Introduction
Artificial intelligence (AI) is a topic that’s becoming increasingly hard to avoid, but one we should all be aware of. It’s not a new idea, but rapid technological advancement is bringing it increasingly into our work and lives.
Our Ethics Committee and Youth Advisory Panel have come together to help cyber security professionals understand how to act ethically with AI. Below, you’ll find a primer on the current state of AI, in cyber security, ethics, regulation and industry practice, and practical advice for cyber security professionals and leaders navigating this new territory.
AI & Cyber Security
AI is not a new phenomenon in the world of computing; however, it has made significant and publicised advancements in recent years, with generative AI becoming accessible to the mainstream due to platforms such as ChatGPT, Google’s Gemini (formerly Bard) and others. These advancements come with a whole host of use cases across all industries including cyber security.
AI is a catch-all term for a variety of different areas of the domain including automation, Machine Learning (ML), cognitive computing and deep learning. The differences in maturity between these terminologies can be stark, with automation usually being a repetitive task that is scheduled to run at specified parts of the day using a piece of code or an algorithm. ML is often leveraged when looking at baselines and anomalous activity where it will learn from training data sets to then be implemented on live data to identify trends and patterns. The current ‘new’ advancement of Generative AI is moving away from analysing data and towards more human-like thinking with content generation. Most of the models leveraged in Generative AI models are trained on extensive datasets and are constantly learning from interactions with users.
Automation has been leveraged for a while to help combat the very common occurrence of burnout among cyber security professionals, according to Forrester, 66% experienced significant stress. One automation use case to leverage AI is implementing runbooks within Security Operations Centres (SOCs). SOCs often contain highly repetitive, time-critical activities that can add strain onto cyber professionals. Runbooks help to alleviate some of this by leveraging the criteria for a specific incident and only requiring human insight where necessary rather than through the end-to-end process. This has enabled some incidents in SOCs to now be remediated with no human insight required.

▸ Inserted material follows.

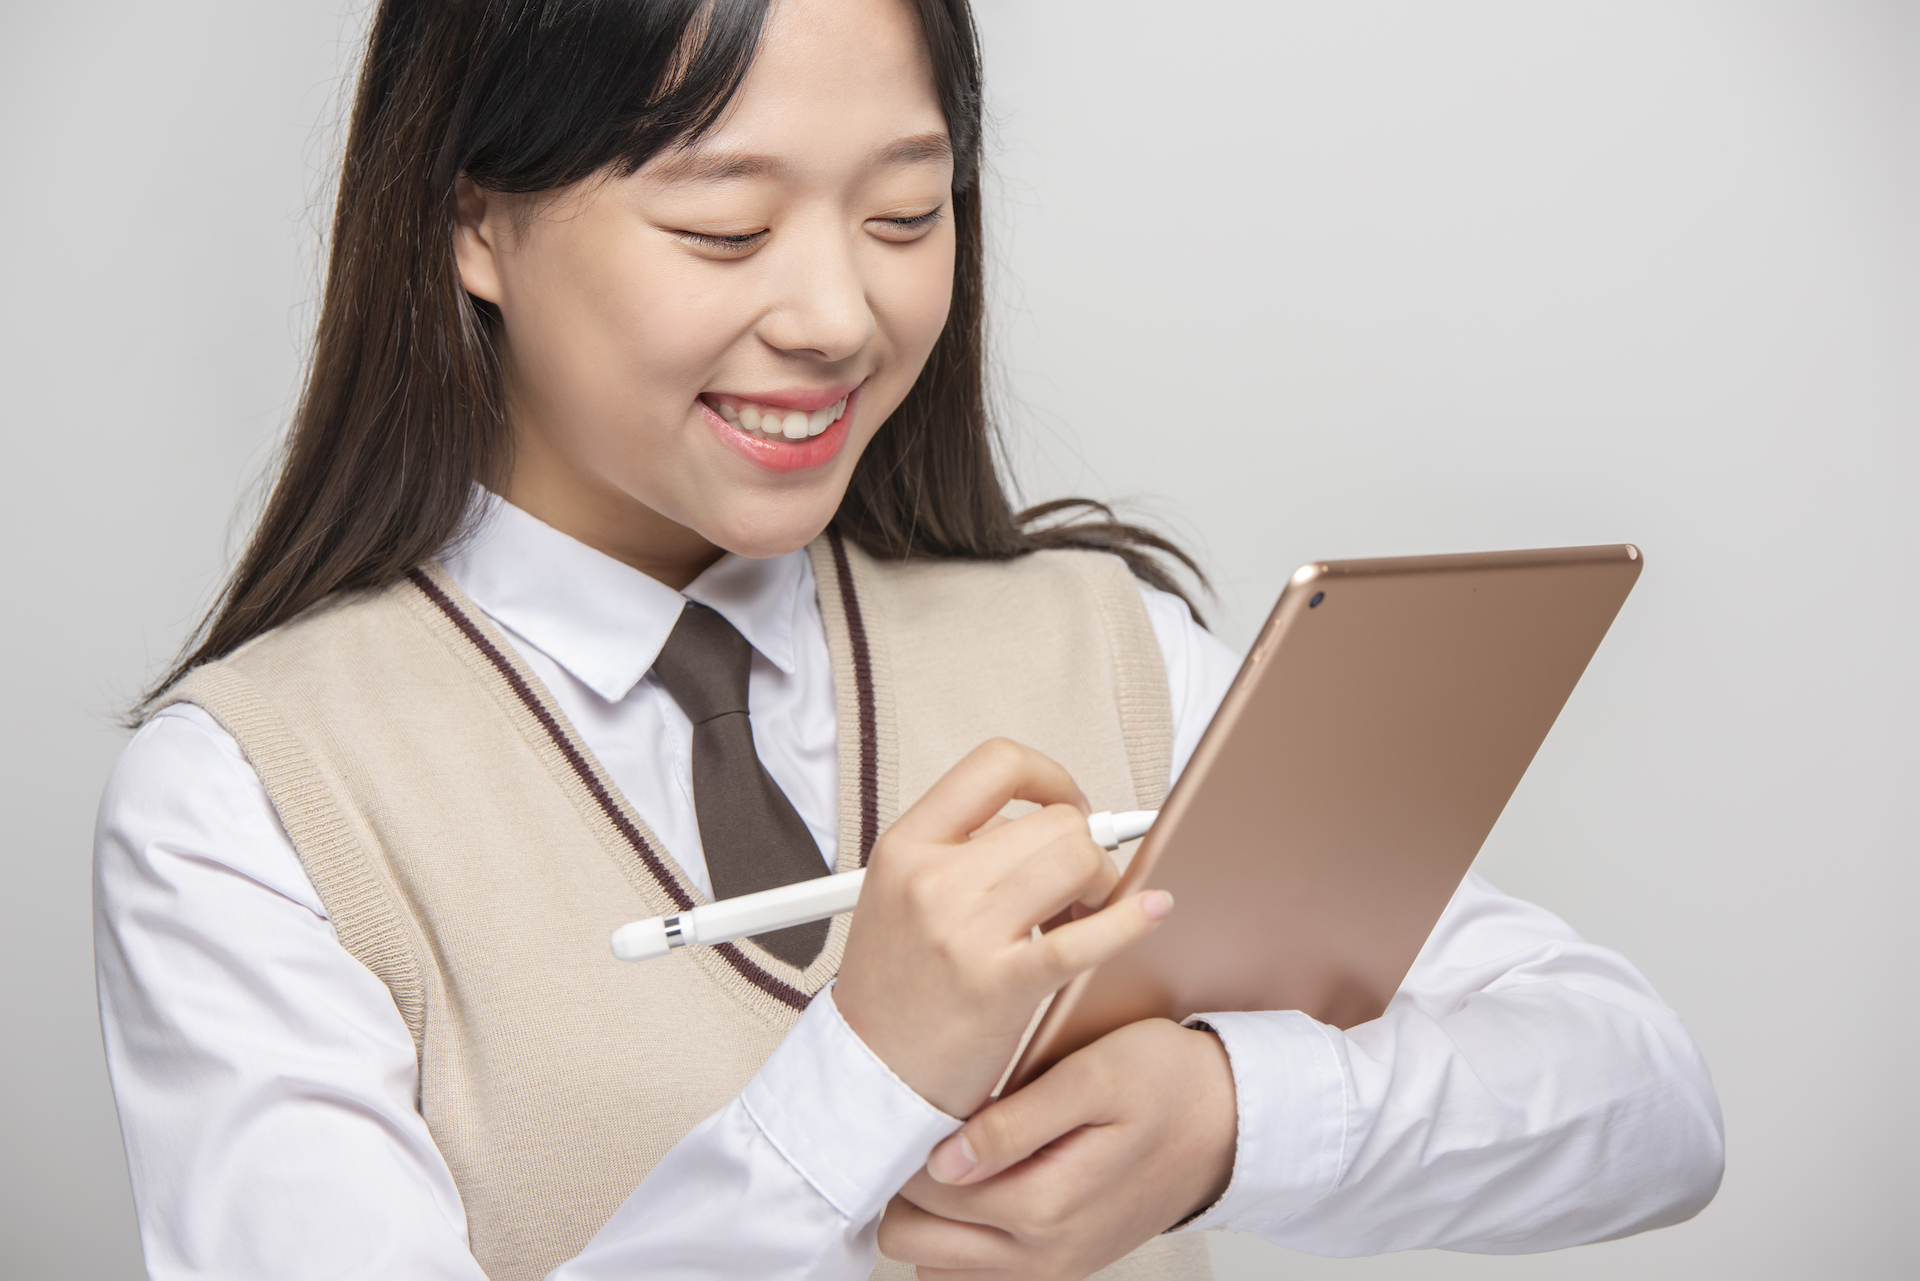 Female student using tablet smiling

Often, following automation and runbooks is a need to be able to efficiently identify anomalous activity which moves away from the expected behaviour in a corporate digital environment, referred to as a baseline. Machine Learning (ML) can be a good option for this kind of requirement given the need to quickly identify any unusual actions happening in a corporate network. ML can be used to benchmark the usual activity that occurs day-to-day on the corporate network and then alert humans for anything that falls outside of this.
Moving away from proactive cyber defence is the use of Generative AI within the adversarial arena of cyberspace. With its ability to create new content, Generative AI can be used to create malicious tooling that adversaries can use to improve their capabilities. It was noted in early 2023, that a user of ChatGPT could continually ask ChatGPT to create pieces of code which in turn can make malware extremely hard to detect and defend against.
Ethical Issues in AI
AI (and the ethical considerations around it) is not a new concern. AI as a field of study has been researched since the 1950s, rising and falling in popularity (and funding). Duly diligent research properly considers ethical issues, so what are some of the key ethical issues surrounding AI?
A great concern relating to AI is privacy. Since the days of the early internet there have been concerns over who is collecting data and why. Whether for the optimisation of services or more targeted advertising, these questions have led to data regulations like the UK General Data Protection Regulation (GDPR). These same concerns exist surrounding AI, as the demands of AI have raised new ethical questions about data collection and usage.
AI uses the information provided by users and its own dataset to inform its decision making. When one starts a conversation with a chatbot, all the information is stored. All information used in prompts and the conversation history is recorded, including any file uploads. This information is often linked to one’s email address, and details on device data, usage data, and log data are stored. Furthermore, the integration of AI into everyday devices, phones, cars, and media streaming services intensifies this issue of the ability for constant digital surveillance.
So, there are privacy concerns about the storage of the information given to AI, however, service users can be considered to consent to this through using the service. What about information where consent is questionable and not explicit? AI systems scraping data from the internet take information posted on one platform and repurpose it to further train them. One may not want their social media posts or forum discussions to be used to train an AI. What about confidential information posted in data breaches? Reputable AI developers are unlikely to use this due to legality concerns, however a malicious actor may use any information available to them.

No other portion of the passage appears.